От крепости в Герате была только крепостная стена, отграничивающая неизвестно по каким критериям выбранный участок лесистого нагорья, и центральное здание с той самой террасой и двумя колоннадами, заставлявшими предположить, что здешний архитектор читал в детстве что-то из римской истории с картинками. В остальном это был обычный гарнизон с казармой, кухней и прочим; строения теснились на небольшом пятачке, и обширное пространство до контрольной зоны, проложенной по внутреннему периметру стен, предоставлялось местной и привозной растительности.

В этом парке Абрахамс вел свои идиллические эксперименты с орхидеями, а гарнизонные обитатели — двадцать пять человек, считая и Холла — кормили белок всякой всячиной, которую таскали из столовой; белки забирались на Холлов шезлонг и брали угощение из рук. Как-то одну из белок — всем им придумали имена — сожрала какая-то зверюга, вроде куницы; Абрахамс провел следствие, объявил тревогу, поднял в воздух роботов лазерного наведения и на двух бронетранспортерах помчался в джунгли.
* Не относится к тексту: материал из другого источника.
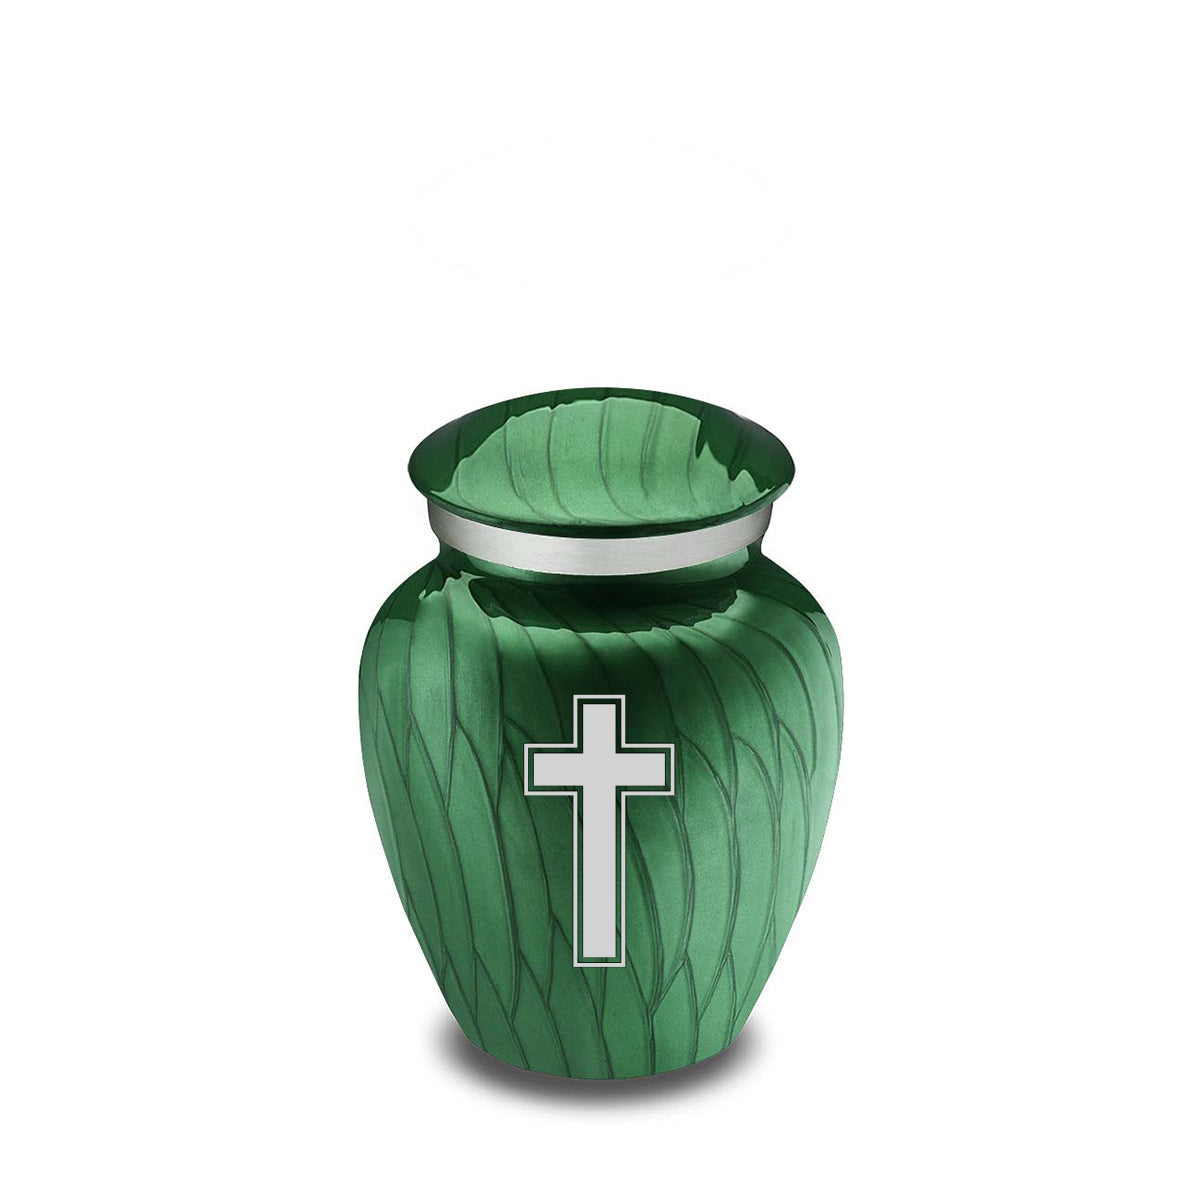 Keepsake Embrace Pearl Green Simple Cross Cremation Urn

Переполох вышел не хуже настоящих учений.

Кроме Готлиба, который его поил и кормил, в распоряжение Холла была отдана библиотека, где они с Готлибом и жили — большая комната позади террасы, отделенная от нее коридором, выходящим на обе стороны колоннады. «Здесь вы будете находиться под неусыпным медицинским надзором», — заверил Абрахамс.

— Карлойда, — подсказал Холл из кресла. Первый раз он что-то разглядел под непроницаемой броней абрахамсовской улыбки — улыбка эта остановилась, как часы, и на ней явственно проступило клеймо инструкции.

Валентина одарила Холла некоторыми способностями: во-первых, феноменальным слухом, а во-вторых — странного рода осязанием, которое в непредсказуемые моменты могло на десяток метров отрываться от кончиков пальцев и погружаться вглубь камня или бетона.

— Вон там, в стене, — Холл вяло оторвал руку от нагретого резного дерева, — проходит бронированный кабель, а карлойд стоит у вас в подвале, прямо под нами.

Улыбка Абрахамса вновь ожила, и он в театральном смущении поднял руки. Похоже, Холл нравился ему и помимо тех жестких указаний, которые были даны свыше. Карлойд-обслуживание потому до сих пор и не вытеснило компьютеры, что, несмотря на достижения технического прогресса, обходилось в деньги откровенно немереные; все карлойды были включены в единую сеть, и это значило, что обработанные данные о здоровье Холла уходили не куда-то, а прямо в Стимфал, в какое-то весьма платежеспособное учреждение, по воле которого Абрахамс, очевидно, и вел свою двусмысленную роль-игру, известную со времен хана Кончака и лорда Толбота — одновременно и тюремщика, и гостеприимного хозяина.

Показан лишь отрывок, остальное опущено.